Kuriansky v. Weinberg

121 A.D.2d 991, 505 N.Y.S.2d 412, 1986 N.Y. App. Div. LEXIS 59058

This text of 121 A.D.2d 991 (Kuriansky v. Weinberg) is published on Counsel Stack Legal Research, covering Appellate Division of the Supreme Court of the State of New York primary law. Counsel Stack provides free access to over 12 million legal documents including statutes, case law, regulations, and constitutions.

Bluebook
Kuriansky v. Weinberg, 121 A.D.2d 991, 505 N.Y.S.2d 412, 1986 N.Y. App. Div. LEXIS 59058 (N.Y. Ct. App. 1986).

Opinions

Order (mandate) of the Supreme Court, New York County (Harold Rothwax, J.), entered February 13, 1986, which adjudged the respondent-appellant in contempt of court and sentenced him to 30 days’ imprisonment, reversed, on the law and the facts and in the exercise of discretion, without costs, and the matter remanded for a hearing.

This proceeding arises out of an investigation of Medicaid fraud in New York County, in which the Medicaid special prosecutor, the petitioner-respondent herein, issued a subpoena duces tecum for evaluation and treatment records of patients to the respondent-appellant, a physician.

Initially, the physician, through counsel, raised various dilatory defenses, among others that the subpoena was burdensome and in violation of the physician-patient relationship.
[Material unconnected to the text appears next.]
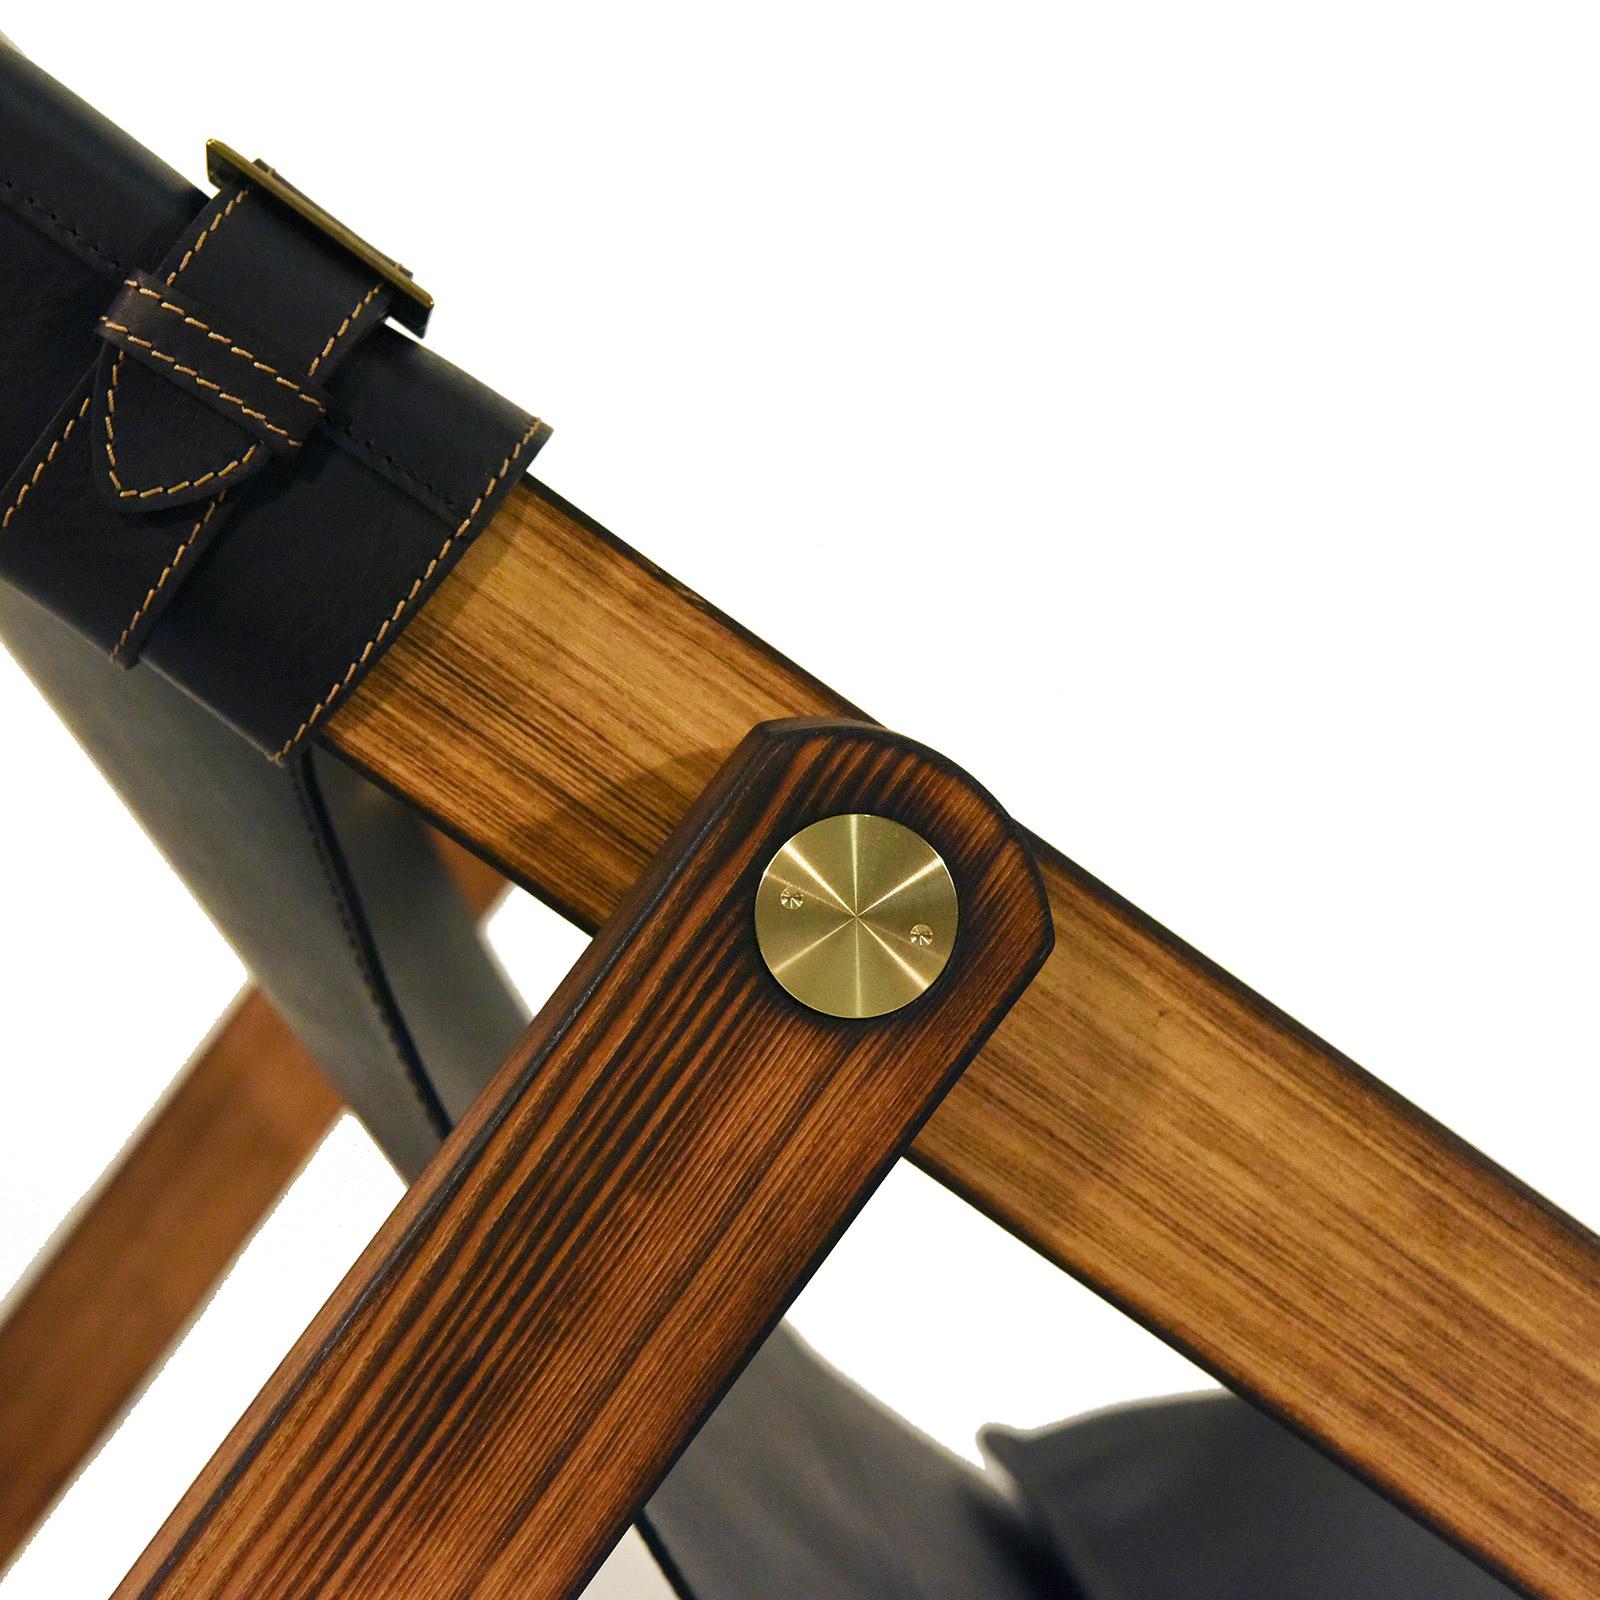 Leather Rossana Orlandi Sdraia Larch Chair by Matteo Casalegno

The Judge presiding denied the motion to quash and directed compliance. Thereafter, counsel for the physician contended that the physican did not have possession, custody or control of the subpoenaed documents and presented instead 3,800 pages of invoices to patients. The invoices did not have the substantial analysis of each patient which the subpoena sought or the treatment records.

The Judge presiding was, with good cause, perturbed by the dissembling which had taken place when the contention of lack of possession should have been raised initially. (See, McPhaul v United States, 364 US 372.) However, it may be that the physician’s language difficulty in communicating with counsel was responsible. If in reality, respondent-appellant did not have possession and could not obtain possession, it would not seem to be in order to have him incarcerated.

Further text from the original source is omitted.